Appropriate findings by the district court are especially important where, as here, Congress set forth a clear statutory timeframe and provided one narrow exception to the general rule.3 Only once has this court examined the matter directly. In Andrx, we analyzed a single question: *1355whether the district court had the authority to shorten the stay period based on one party’s conduct before the FDA. 276 F.3d at 1376. We expressly limited our review, declining to reach the question “whether the district court’s authority to shorten the thirty-month statutory stay is limited to those cases in which there was a failure to expedite the infringement action once it is filed or whether the authority extends as well to situations in which the infringement action was not commenced expeditiously.” Id. In short, this court has not previously provided any guidance to the district courts as to what qualifies as a “fail[ure] to reasonably cooperate in expediting the action.” To affirm in this case is to effectively eliminate the statutorily required finding, and to prematurely terminate the development of appropriate standards governing modification under 21 U.S.C. § 355(j)(5)(B)(iii).
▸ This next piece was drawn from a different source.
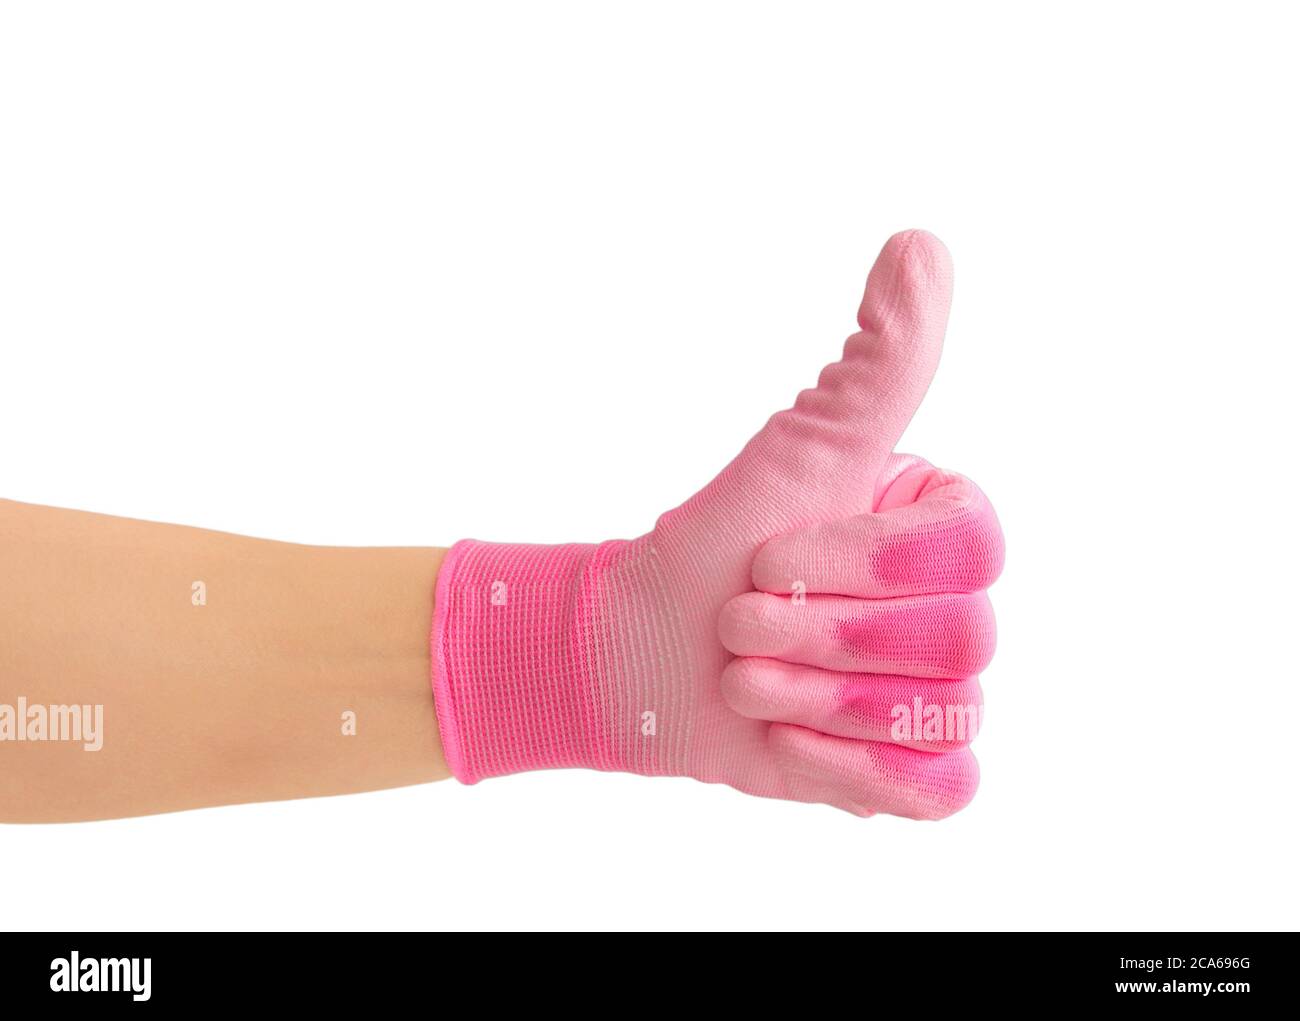 Vista ravvicinata della mano della persona che indossa un guanto da giardinaggio rosa di colore vivace e mostra il pollice come un gesto. Isolato su sfondo bianco. Foto Stock

For the foregoing reasons, I respectfully dissent.

. If anything, statements by the district court suggest that the court agreed that Teva reasonably cooperated by expeditiously "disclosing all of the required information," but extended the stay regardless. Order Extending Stay, 2008 WL 4809963, at *2. Specifically, Teva claimed that an extension of the stay was unnecessary because it fully disclosed all of the required information in an expeditious fashion. The court stated that "[a]lthough Teva correctly cite[d] the factual differences between the case at bar and the situation in Barr, those differences are not ... determinative on this issue.” Id. (emphasis added).
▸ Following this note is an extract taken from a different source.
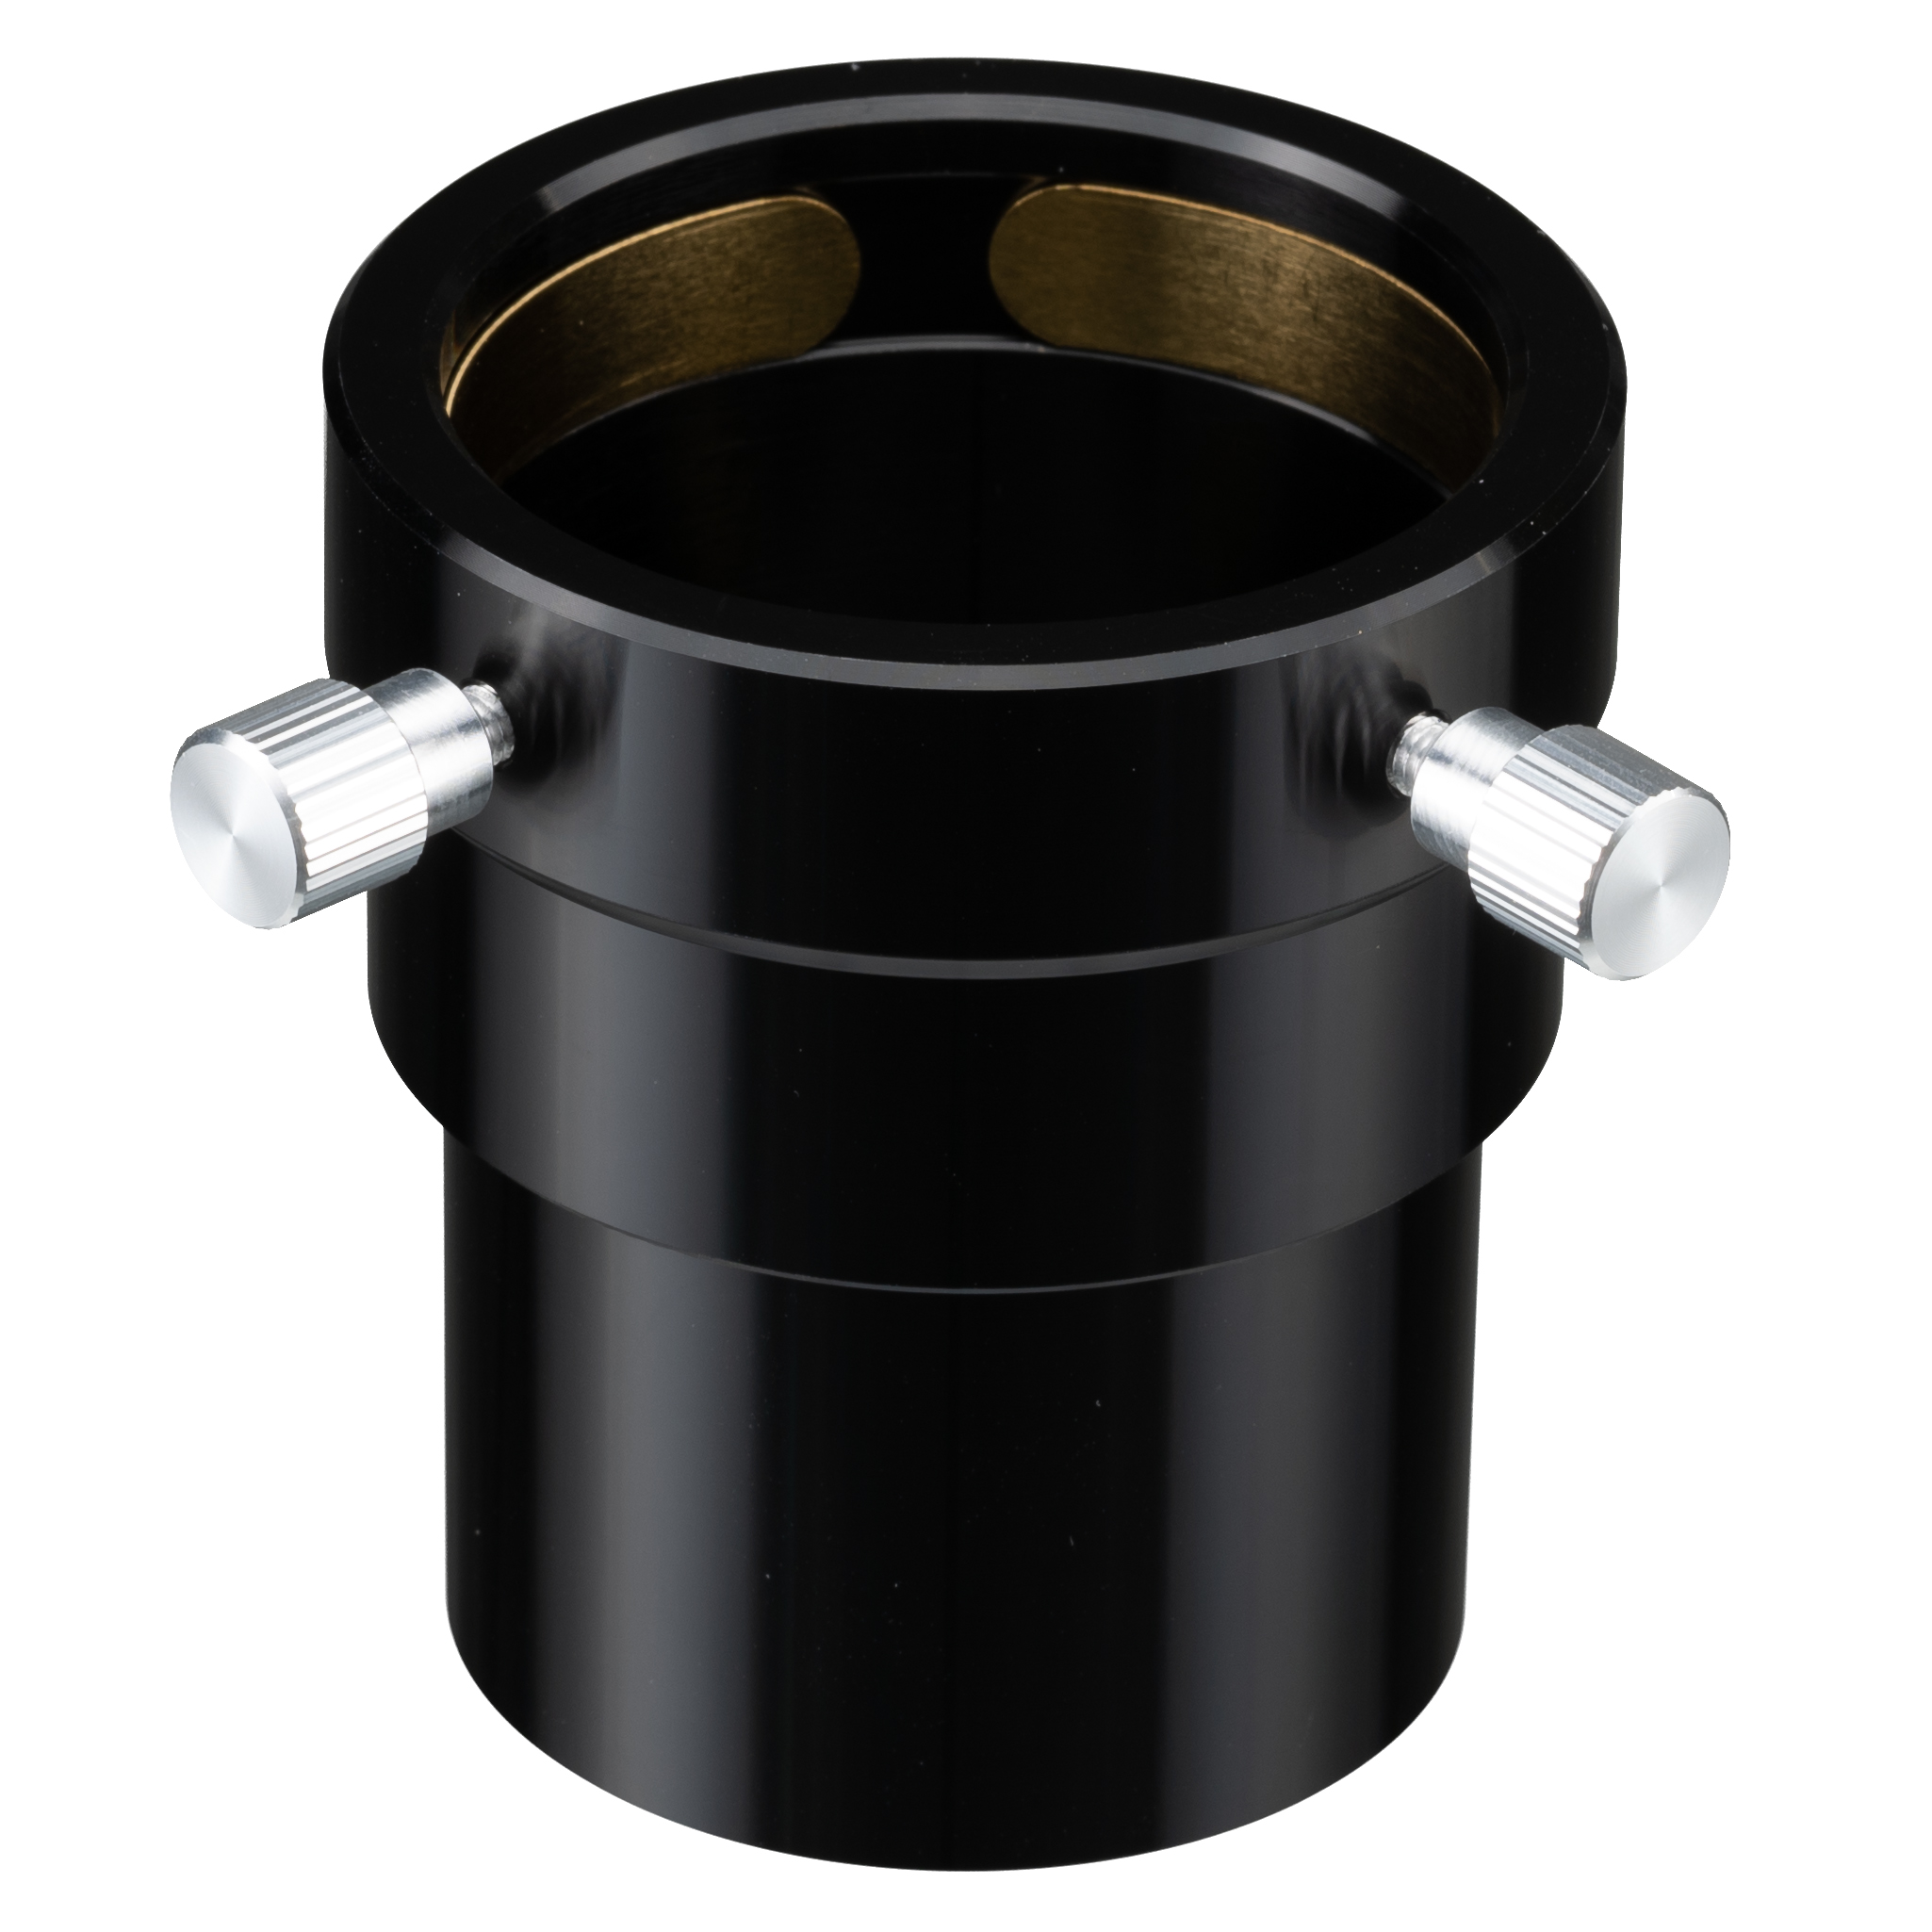 BRESSER cilindro prolongador 2"/35mm

. Even commentators have noted that "[s]tat-utory stay adjustments have not been frequent.” Gerald Sobel el al., Hatch-Waxman Litigation from the Perspective of Pioneer Pharmaceutical Companies, in Patent Litigation Strategies Handbook 183, 196-97 (Barry L. Grossman & Gary M. Hoffman eds., 2d ed.2005).
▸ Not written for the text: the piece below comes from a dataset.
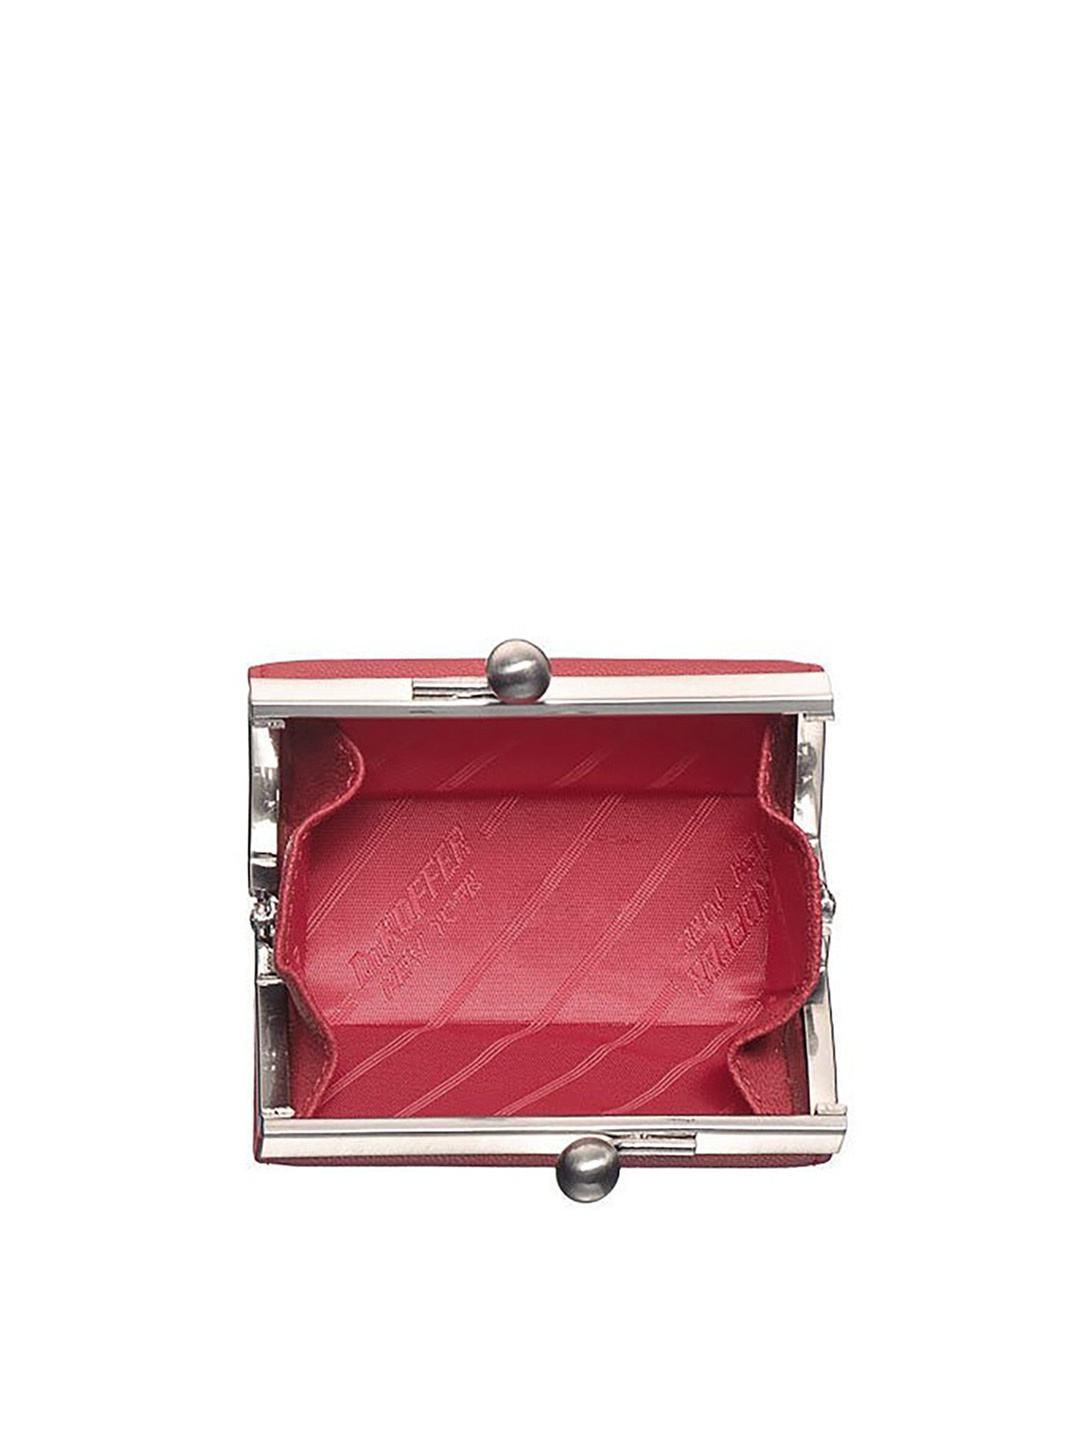 Женская мини-шкатулка для драгоценностей из мягкой кожи с тиснением под ската

. The legislative history indicates that the thirty-month stay was a hard-won compromise between brand-name manufacturers, generics manufacturers, and other stakeholders. The length of the stay was the subject of heated debate in the House. 130 Cong. Rec. H24426-31 (Sept. 6, 1984). Initially, the House version of the bill provided for a stay of just eighteen months. H.R. 3605, 98th Cong. § 101 (as reported by H. Comm, on the Judiciaiy, Aug. 1, 1984). The Senate version, which ultimately prevailed, described a thirty-month stay. S. 2926, 98th Cong. § 101 (1984). In light of this fact, we should be especially careful when reviewing district courts’ decisions to modify the statutory period. That period ceases to have meaning when district courts are able to modify the stay without articulating why the narrow circumstances described in the statute are present.